If unbalanced is an array,
it must have the same backend as input arrays `(a, b, M)`.
unbalanced_type : str, optional
Type of unbalanced penalization function :math:`U` either "KL", "L2",
"TV", by default "KL".
method : str, optional
Method for solving the problem when multiple algorithms are available,
default None for automatic selection.
n_threads : int, optional
Number of OMP threads for exact OT solver, by default 1
max_iter : int, optional
Maximum number of iterations, by default None (default values in each solvers)
plan_init : array_like, shape (dim_a, dim_b), optional
Initialization of the OT plan for iterative methods, by default None
potentials_init : (array_like(dim_a,),array_like(dim_b,)), optional
Initialization of the OT dual potentials for iterative methods, by default None
tol : _type_, optional
Tolerance for solution precision, by default None (default values in each solvers)
verbose : bool, optional
Print information in the solver, by default False
grad : str, optional
Type of gradient computation, either or 'autodiff' or 'envelope' used only for
Sinkhorn solver. By default 'autodiff' provides gradients wrt all
outputs (`plan, value, value_linear`) but with important memory cost.

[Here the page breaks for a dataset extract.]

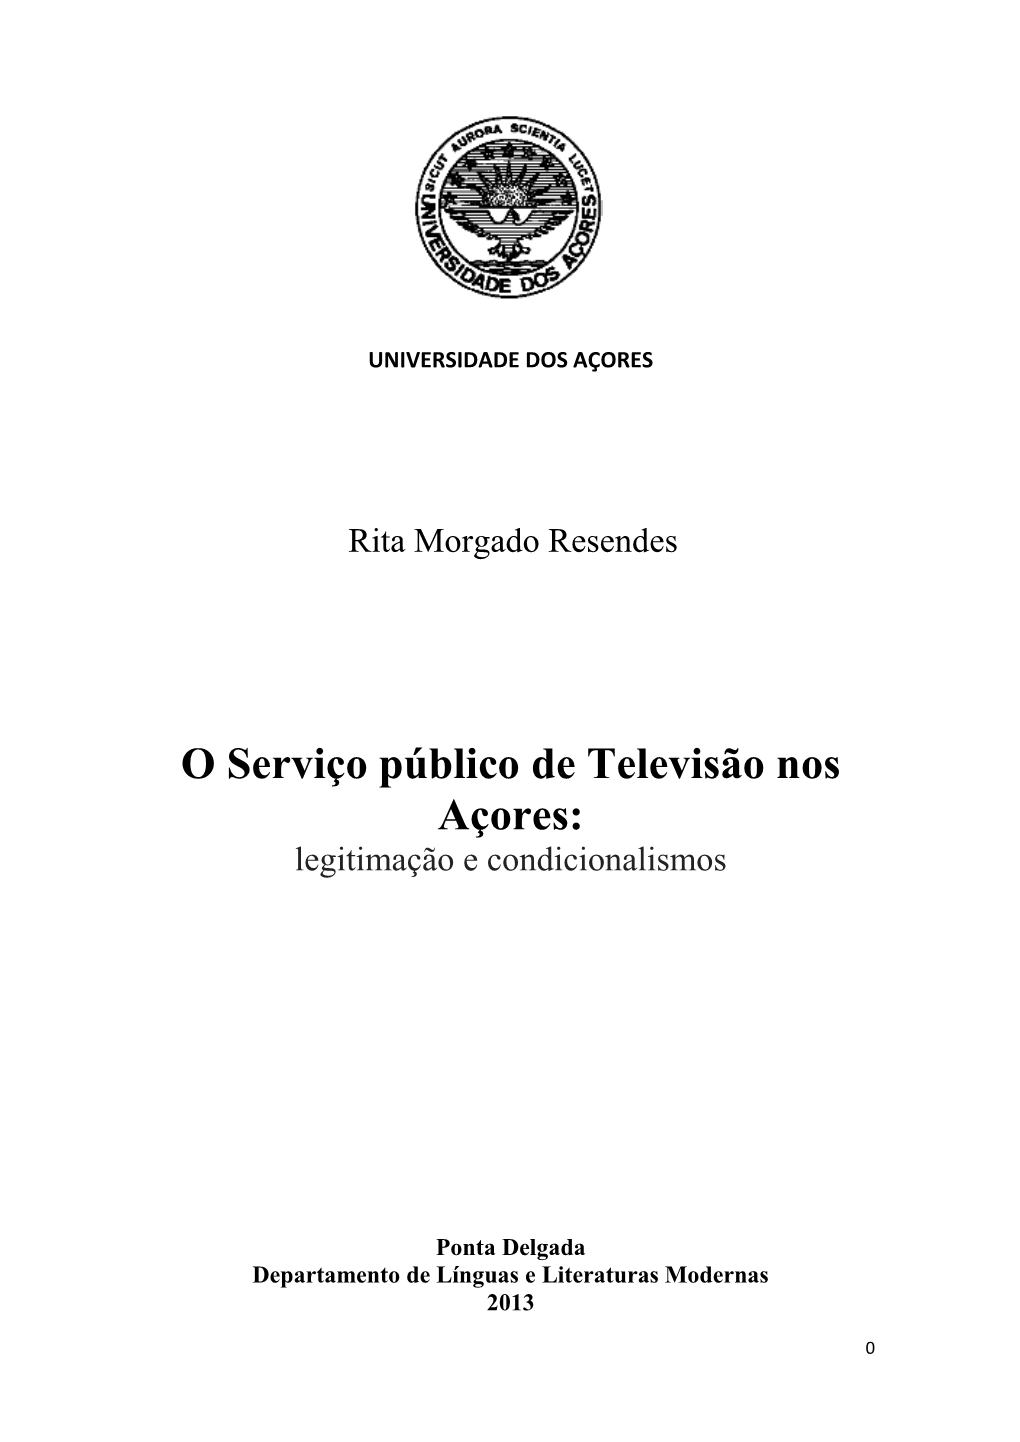 O Serviço Público De Televisão Nos Açores: Legitimação E Condicionalismos

'envelope' provides gradients only for `value` and and other outputs are
detached. This is useful for memory saving when only the value is needed.
Returns
-------
res : OTResult()
Result of the optimization problem. The information can be obtained as follows:
- res.plan : OT plan :math:`\mathbf{T}`
- res.potentials : OT dual potentials
- res.value : Optimal value of the optimization problem
- res.value_linear : Linear OT loss with the optimal OT plan
See :any:`OTResult` for more information.
Notes
-----
The following methods are available for solving the OT problems:
- **Classical exact OT problem [1]** (default parameters) :
.. math::
\min_\mathbf{T} \quad \langle \mathbf{T}, \mathbf{M} \rangle_F
s.t. \ \mathbf{T} \mathbf{1} = \mathbf{a}
\mathbf{T}^T \mathbf{1} = \mathbf{b}
\mathbf{T} \geq 0
can be solved with the following code:
.. code-block:: python
res = ot.solve(M, a, b)
- **Entropic regularized OT [2]** (when ``reg!=None``):
.. math::
\min_\mathbf{T} \quad \langle \mathbf{T}, \mathbf{M} \rangle_F + \lambda R(\mathbf{T})

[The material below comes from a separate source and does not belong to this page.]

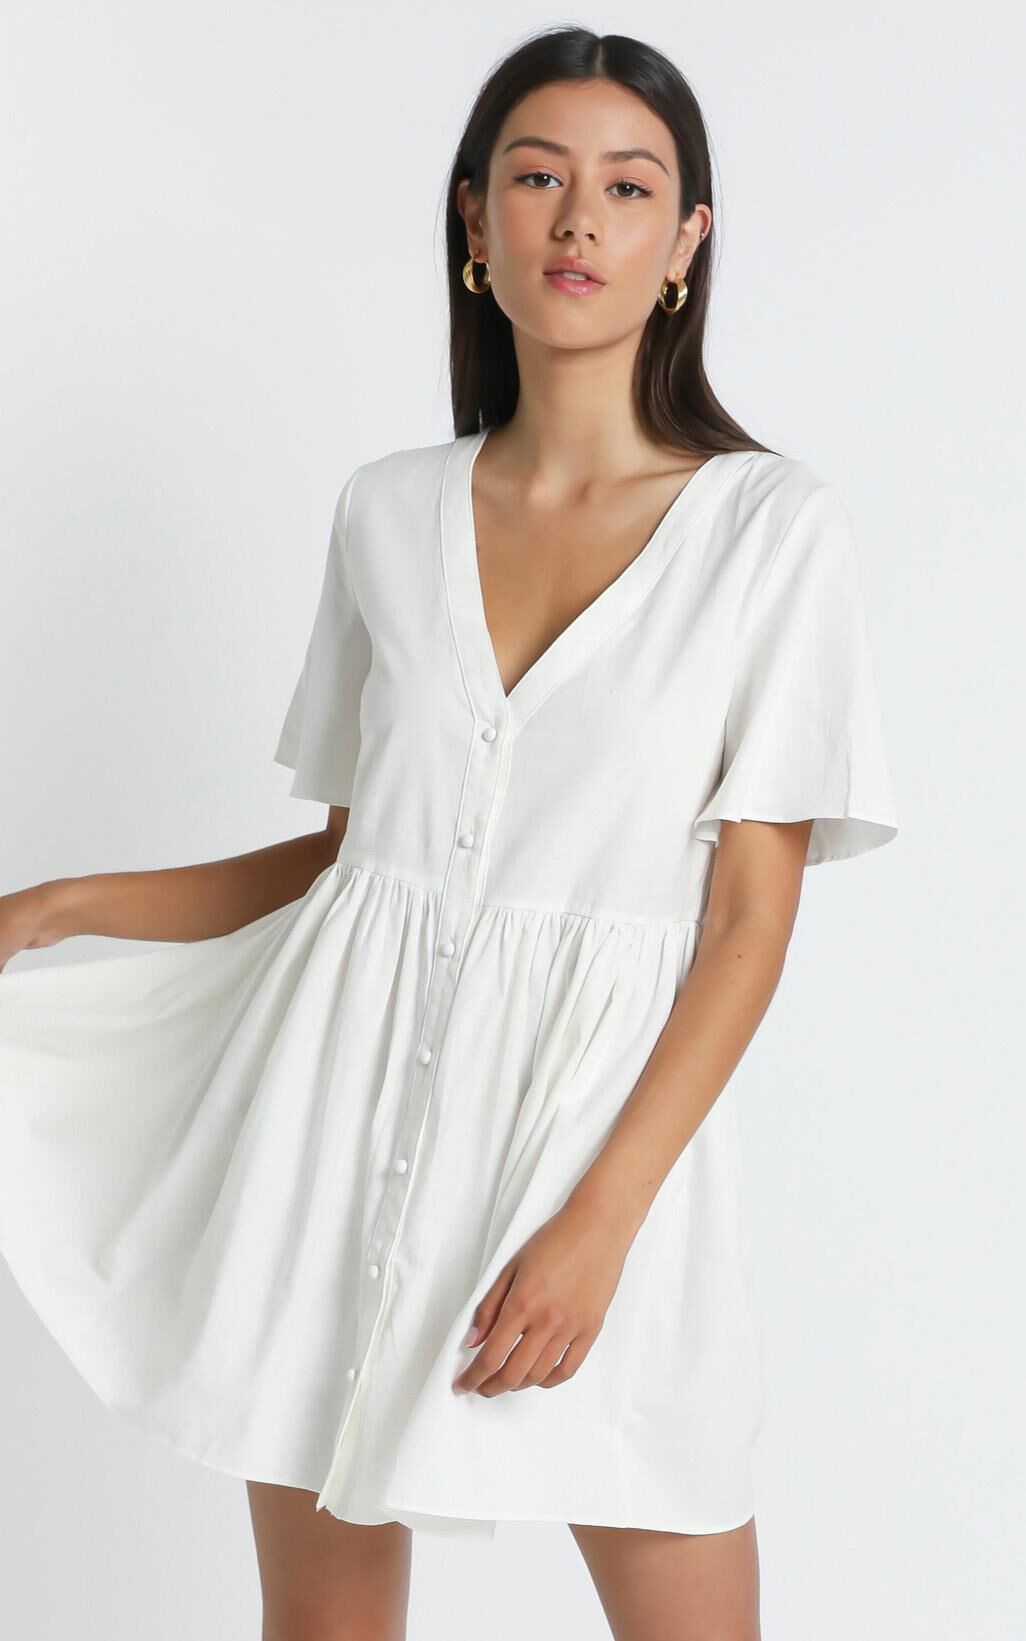 white summer dresses online

s.t. \ \mathbf{T} \mathbf{1} = \mathbf{a}
\mathbf{T}^T \mathbf{1} = \mathbf{b}
\mathbf{T} \geq 0
can be solved with the following code:
.. code-block:: python
# default is ``"KL"`` regularization (``reg_type="KL"``)
res = ot.solve(M, a, b, reg=1.0)
# or for original Sinkhorn paper formulation [2]

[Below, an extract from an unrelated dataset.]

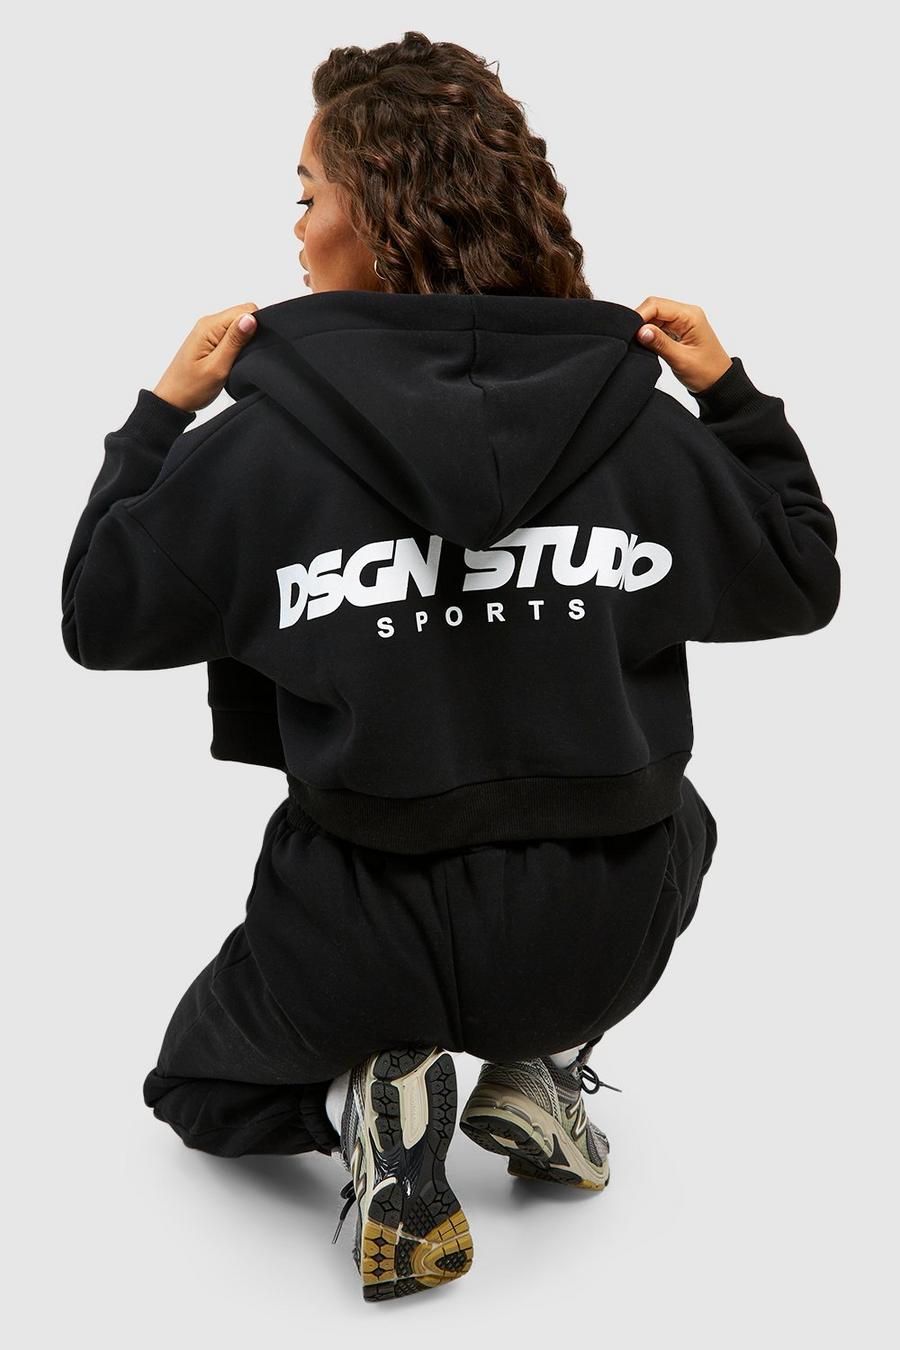 Kastiger Dsgn Studio Sports Hoodie mit Reißverschluss, Black

res = ot.solve(M, a, b, reg=1.0, reg_type='entropy')
# Use envelope theorem differentiation for memory saving
res = ot.solve(M, a, b, reg=1.0, grad='envelope') # M, a, b are torch tensors
res.value.backward() # only the value is differentiable
Note that by default the Sinkhorn solver uses automatic differentiation to
compute the gradients of the values and plan. This can be changed with the
`grad` parameter. The `envelope` mode computes the gradients only
for the value and the other outputs are detached. This is useful for
memory saving when only the gradient of value is needed.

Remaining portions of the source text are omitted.